Figure 4. Dynamic data visualization. This is a scatter plot with dynamic features. The dataset presented comes from the ‘gapminder’ R package (Bryan, 2017). The plot displays the relationship between gross domestic product per capita (gdpPercap; x axis) and life expectancy in years (lifeExp; y axis) across different times, from 1952 to 2007 (bottom scale). The user can zoom in and out, highlight one or more categories (e.g., blue; Europe), hover over any individual observations to see specific details (as seen in the red box), and when the “play” button is pressed (bottom left corner), changes across the years can be seen via animation.

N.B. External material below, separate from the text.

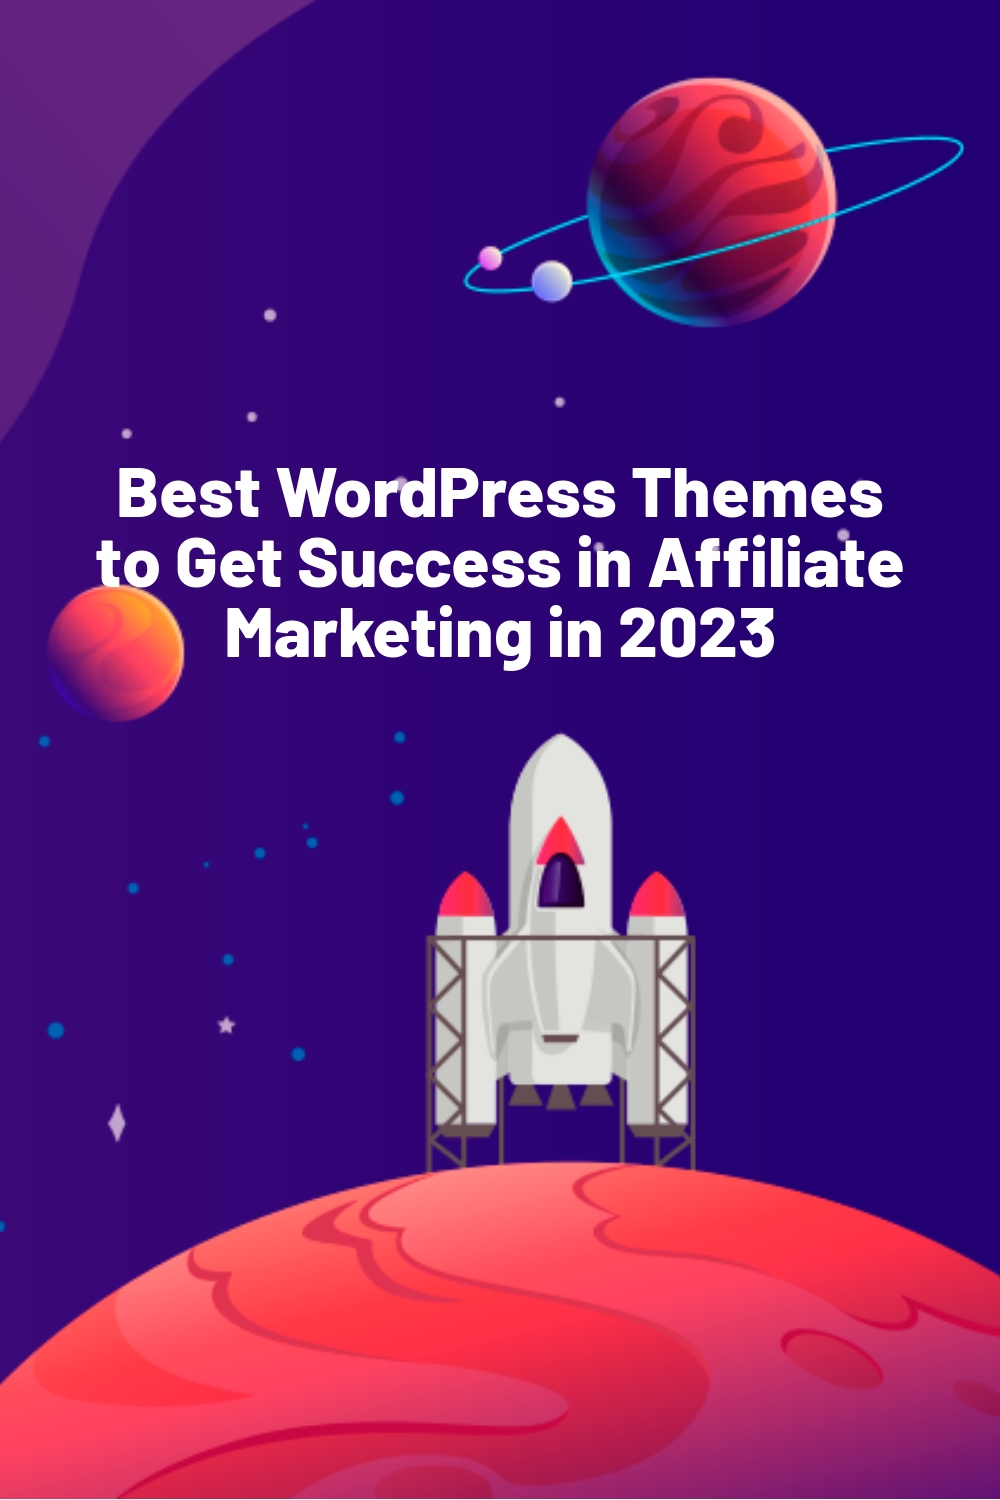 Best WordPress Themes to Get Success in Affiliate Marketing in 2023

Lastly, as its name suggests, interactive dynamic data visualizations (IDDV) combine elements from both IDV and DDV and is therefore the best of both worlds. In IDDV, any change in the graphical structure follows a direct action from the user. This way, users have control over – or, can manipulate – how the data is displayed (Ploetzner & Lowe, 2004). In many cases, the viewer even has control over how the data is analyzed (see below example by Ellis & Merdian, 2015). Schwan and Riempp (2004) noted that IDDV “enable the user to adapt the presentation to [their] individual cognitive needs” (p. 296). An example of IDDV is presented in Figure 5 and is available here.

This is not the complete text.